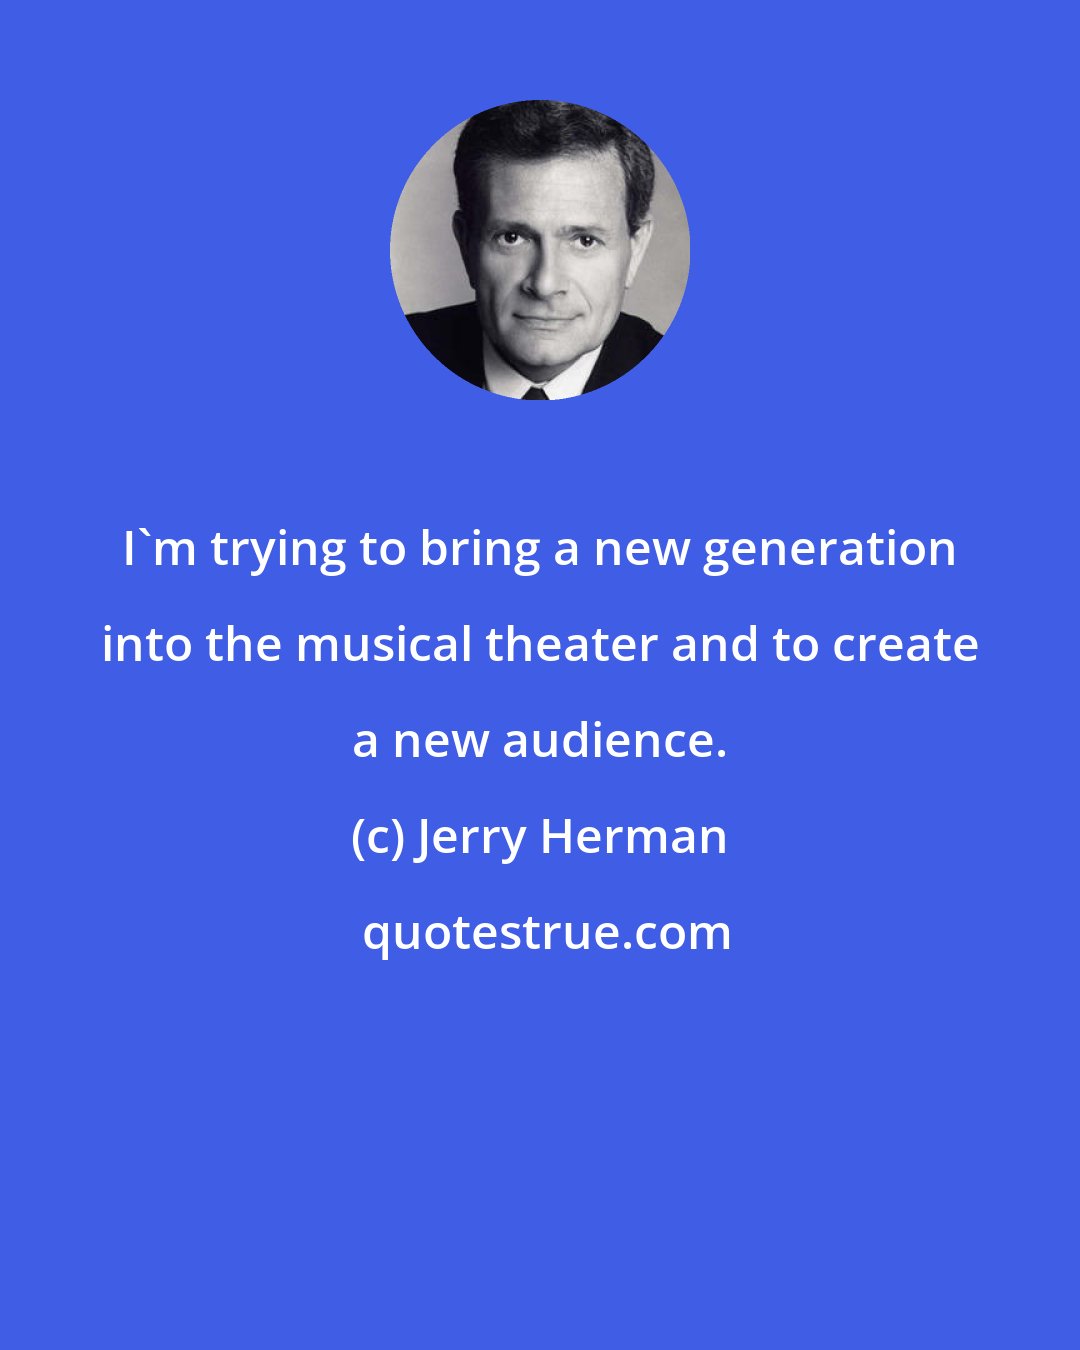 Jerry Herman: I'm trying to bring a new generation into the musical theater and to create a new audience.
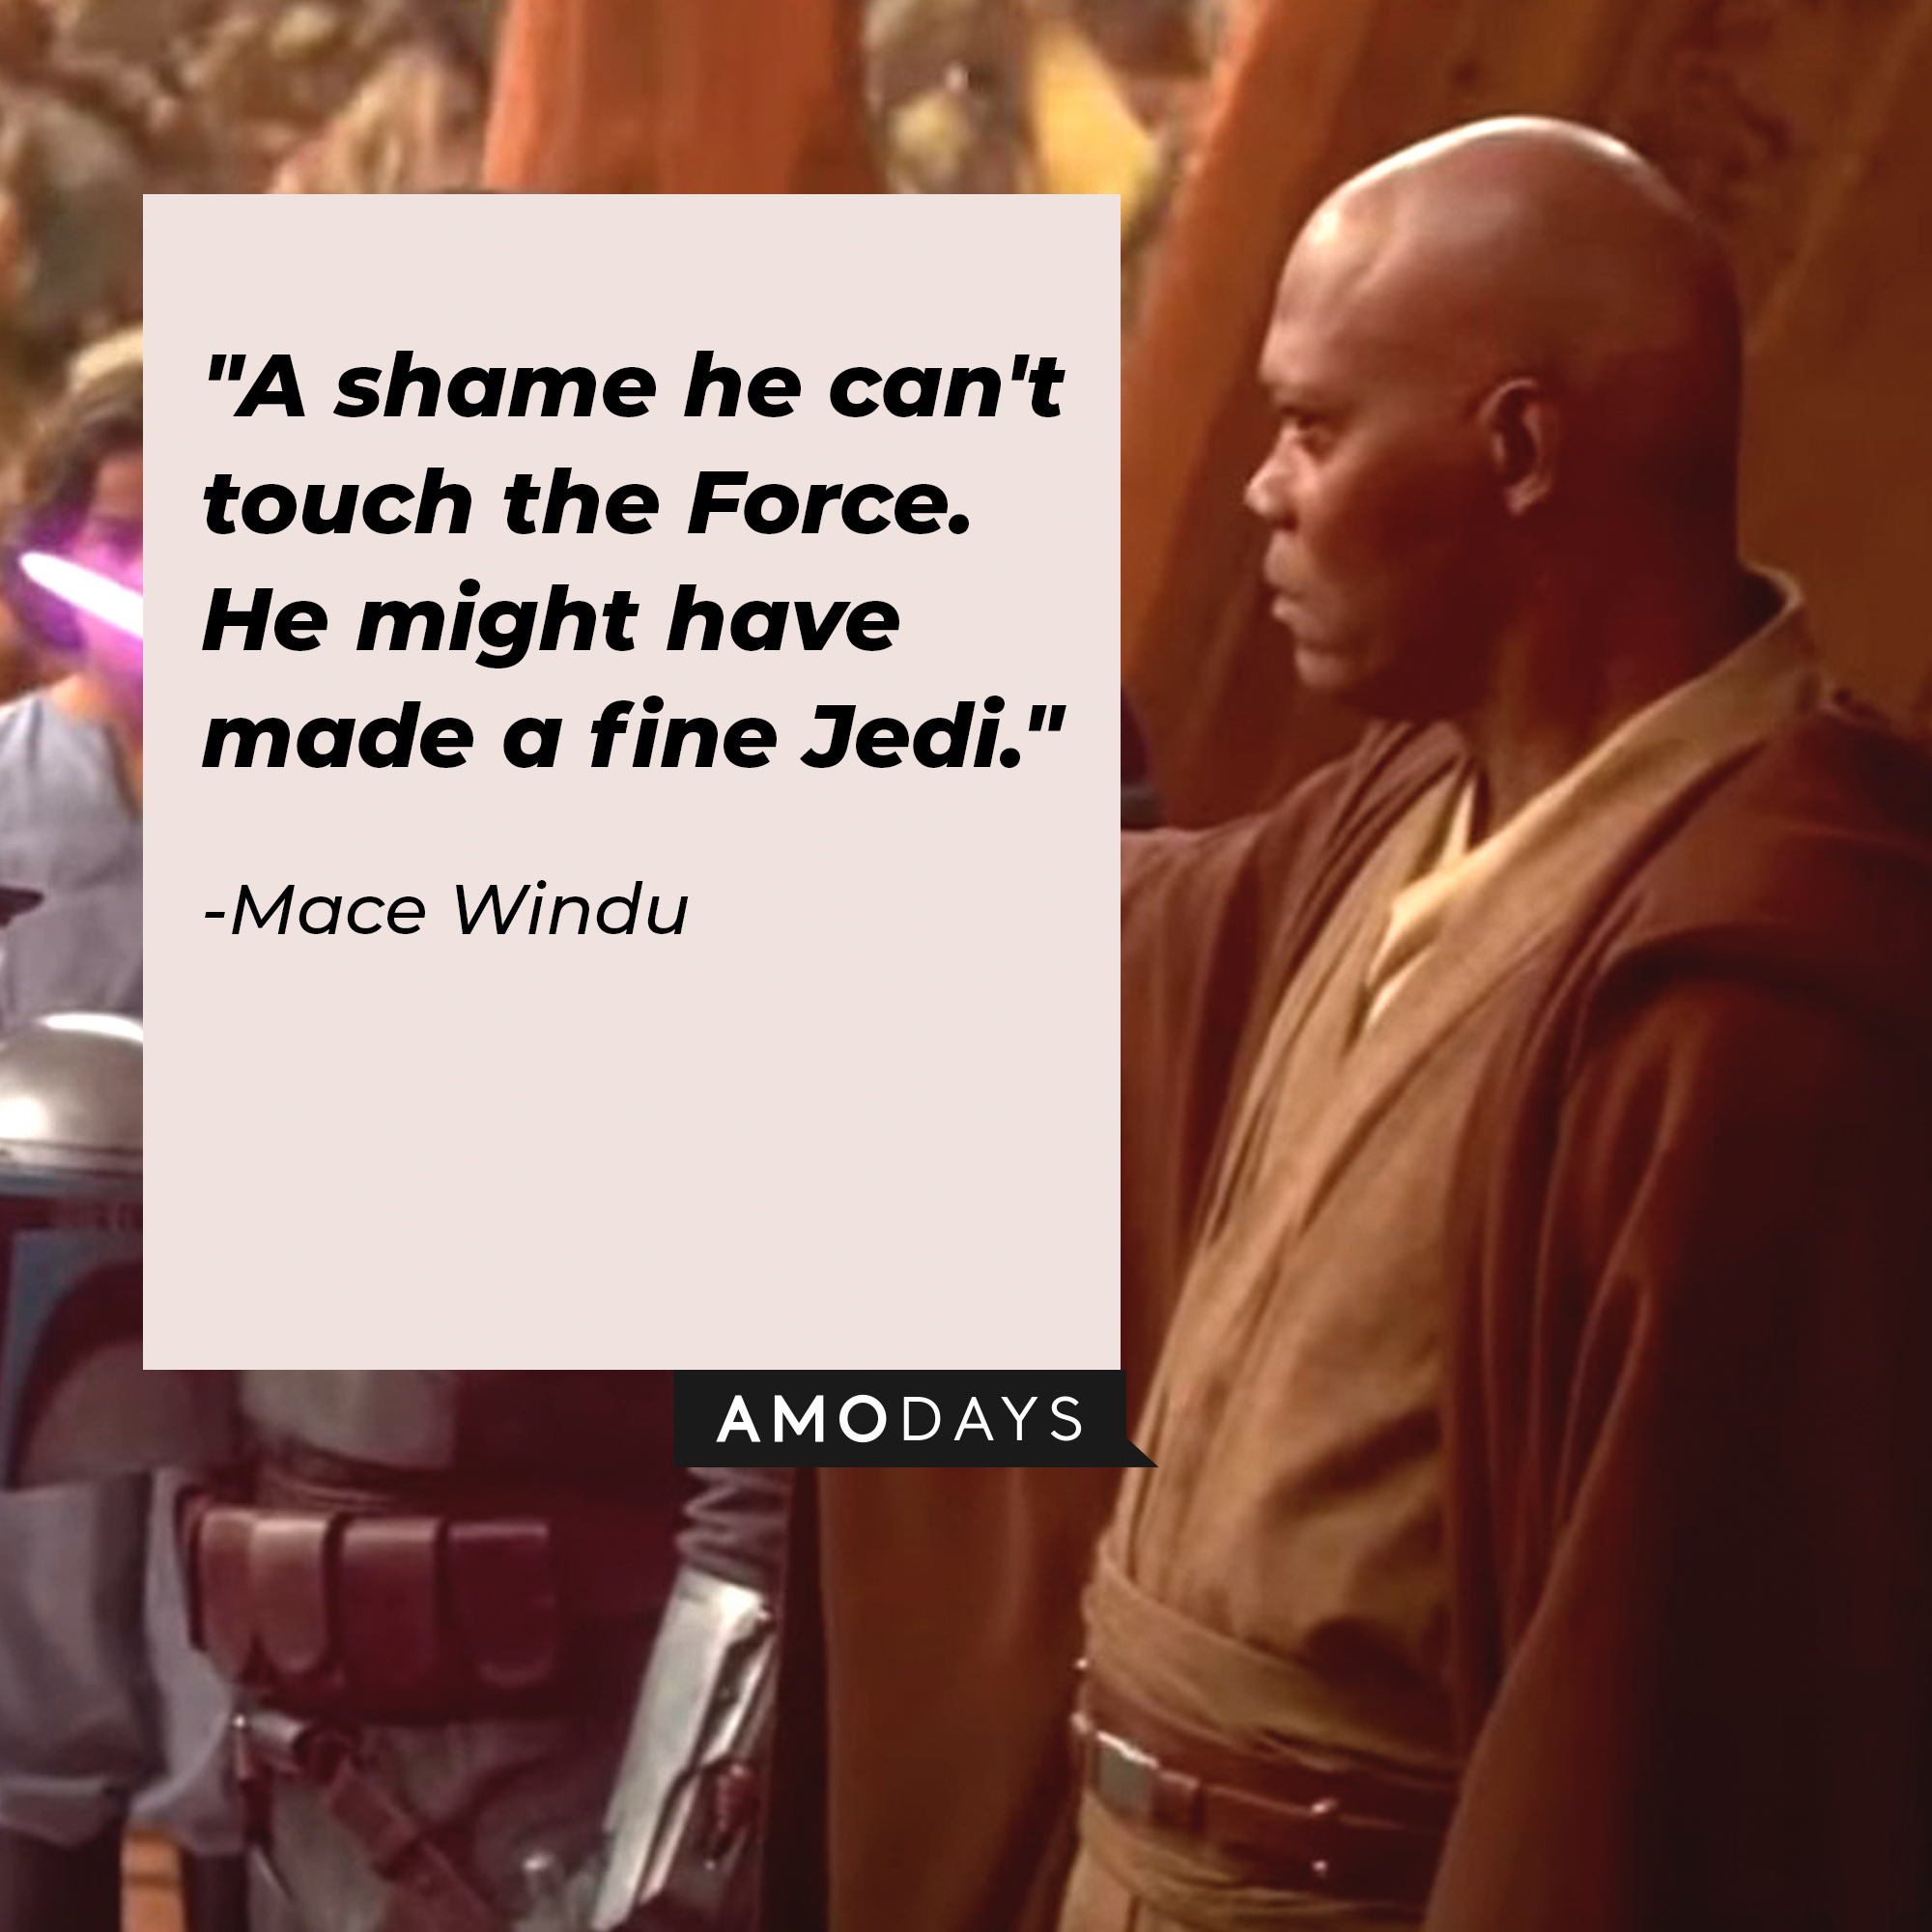 Mace Windu's quote: "A shame he can't touch the Force. He might have made a fine Jedi." | Image: Facebook / StarWars.UK
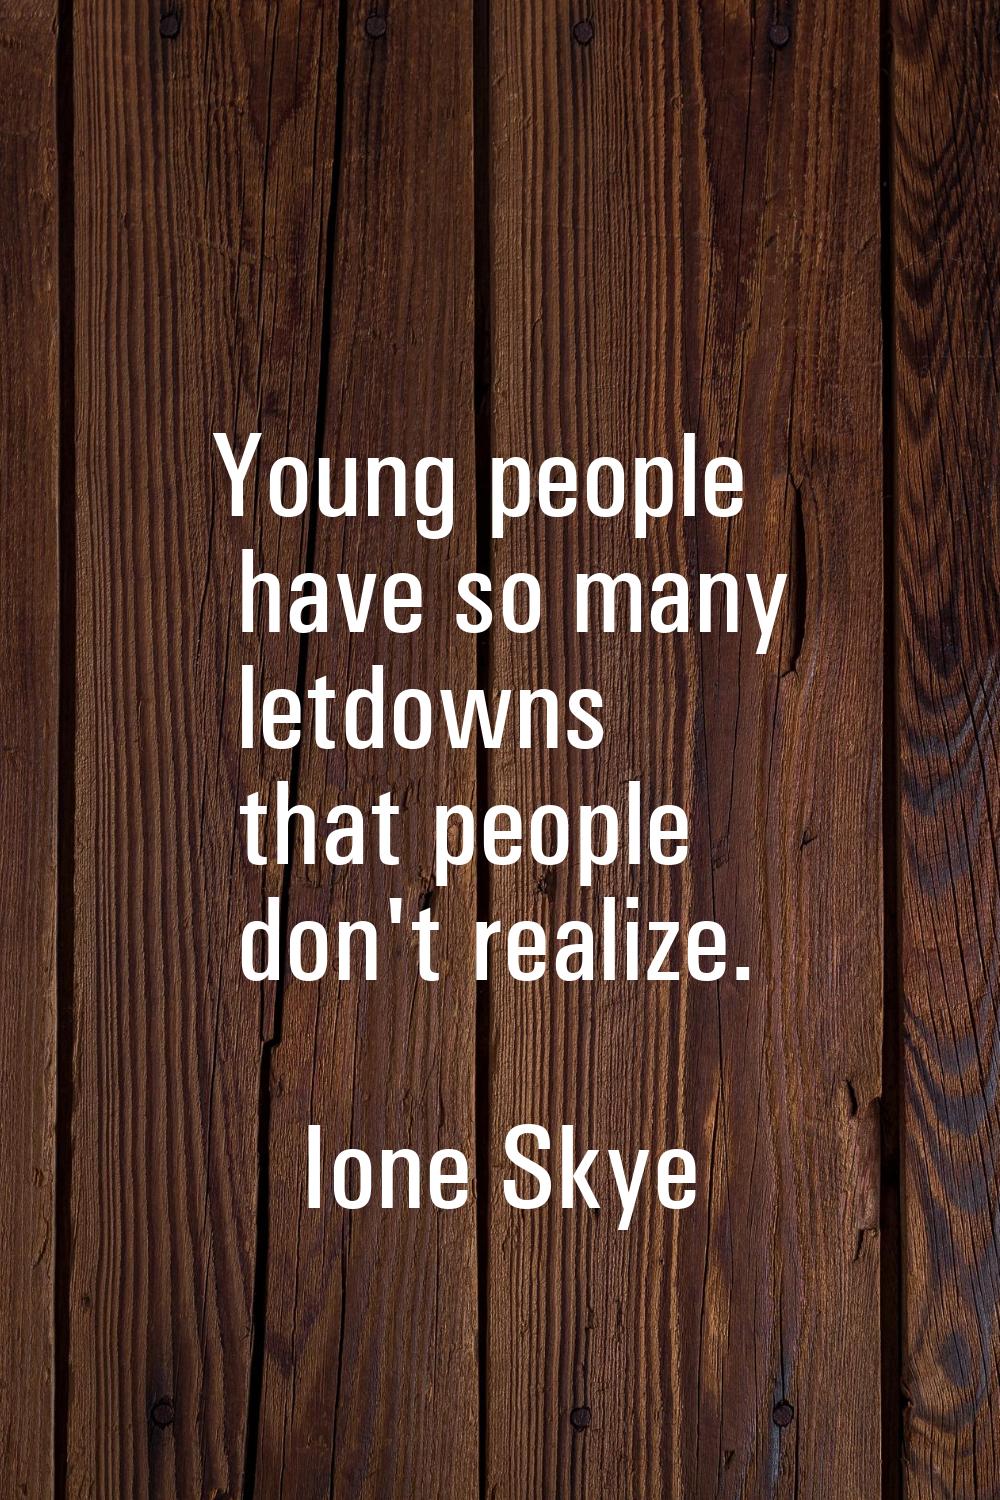 Young people have so many letdowns that people don't realize.
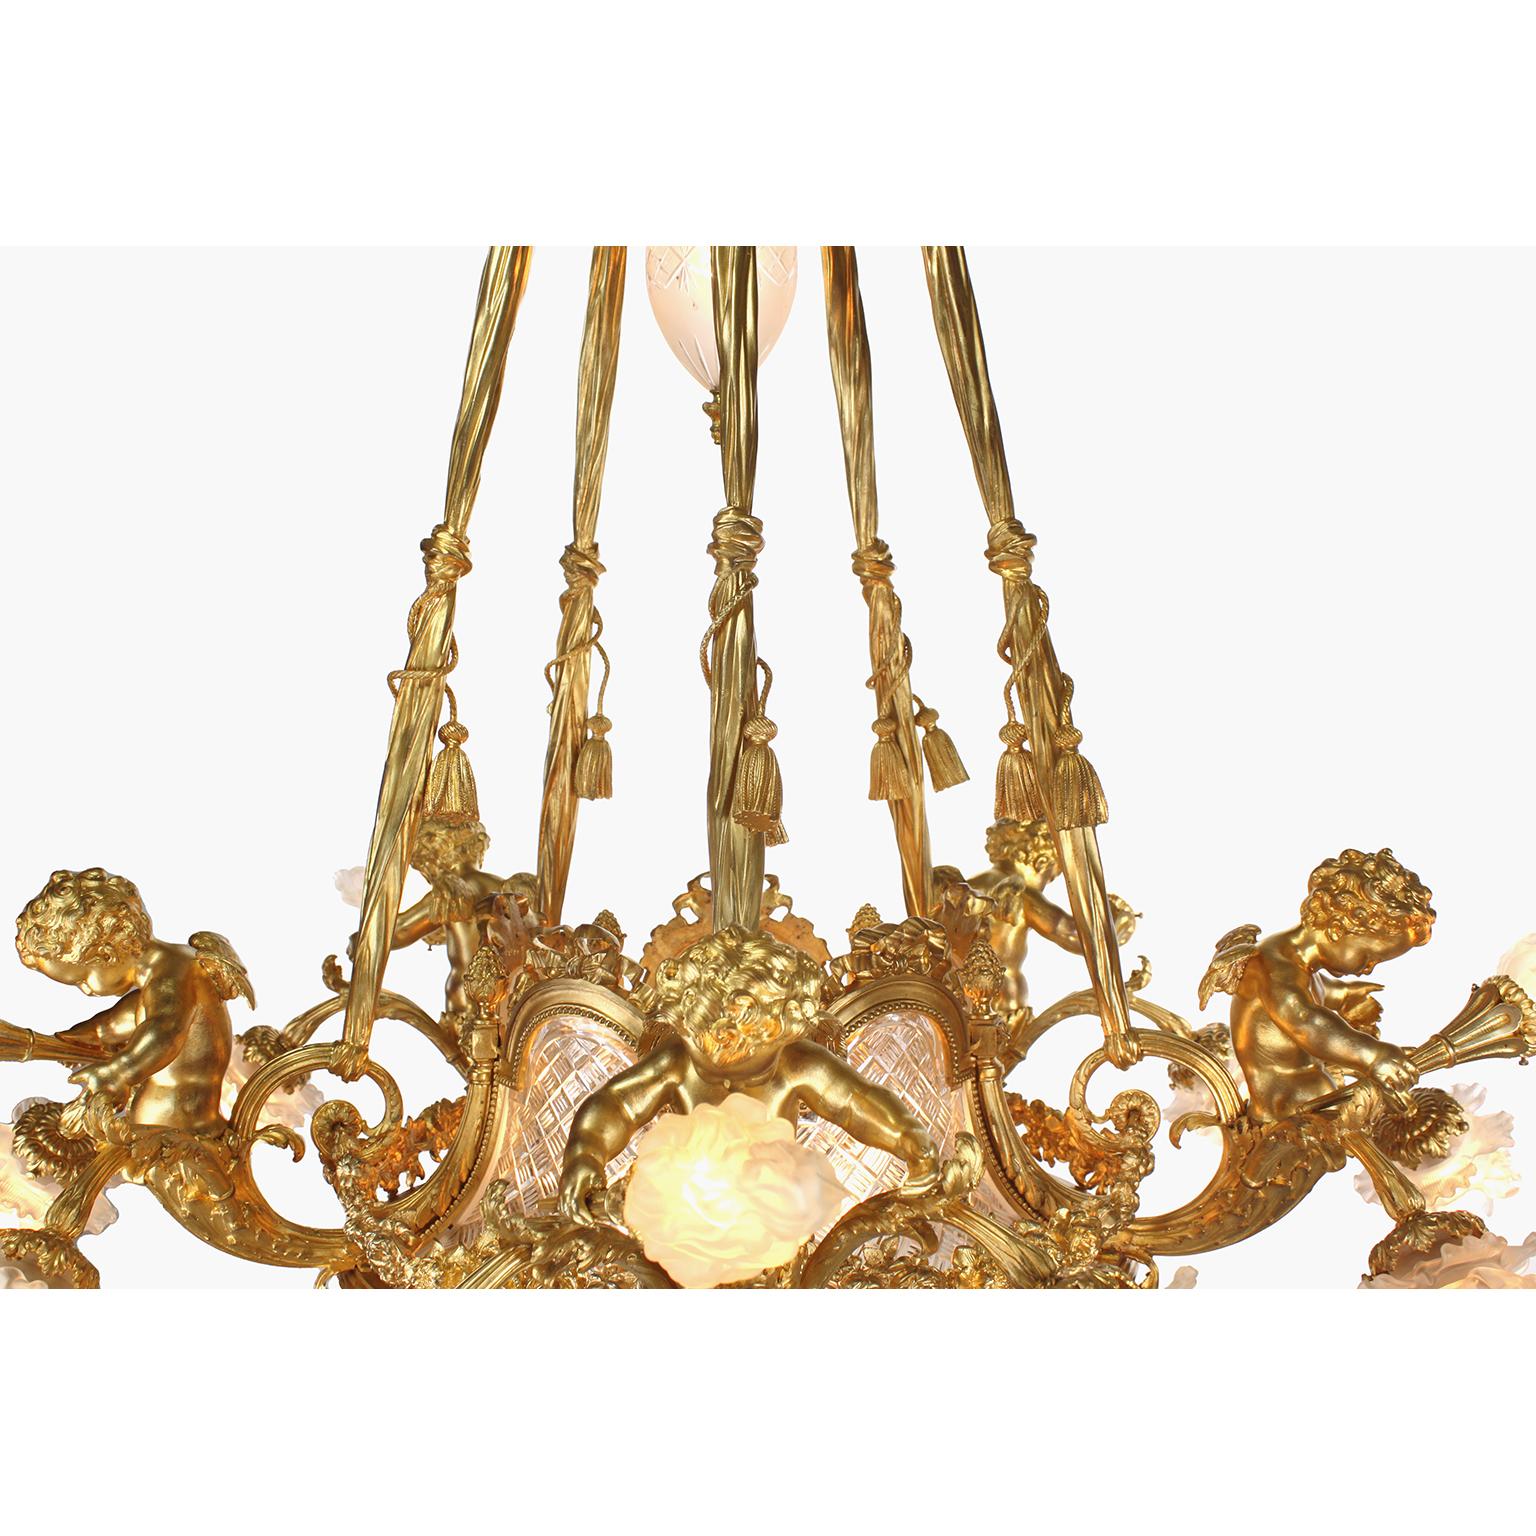 Fine French 19th-20th Century Louis XV Style Gilt Bronze and Baccarat Chandelier For Sale 9

*EXERCISE AIM*. Any picture in the listing is to be omitted. Return exactly the lines from the one containing "Facebook / StarWars.UK" through its last line, both included, and only those.

*SOLUTION TO THIS PROBLEM*.
 Mace Windu's quote: "A shame he can't touch the Force. He might have made a fine Jedi." | Image: Facebook / StarWars.UK
 Young people have so many letdowns that people don't realize.
 Fine French 19th-20th Century Louis XV Style Gilt Bronze and Baccarat Chandelier For Sale 9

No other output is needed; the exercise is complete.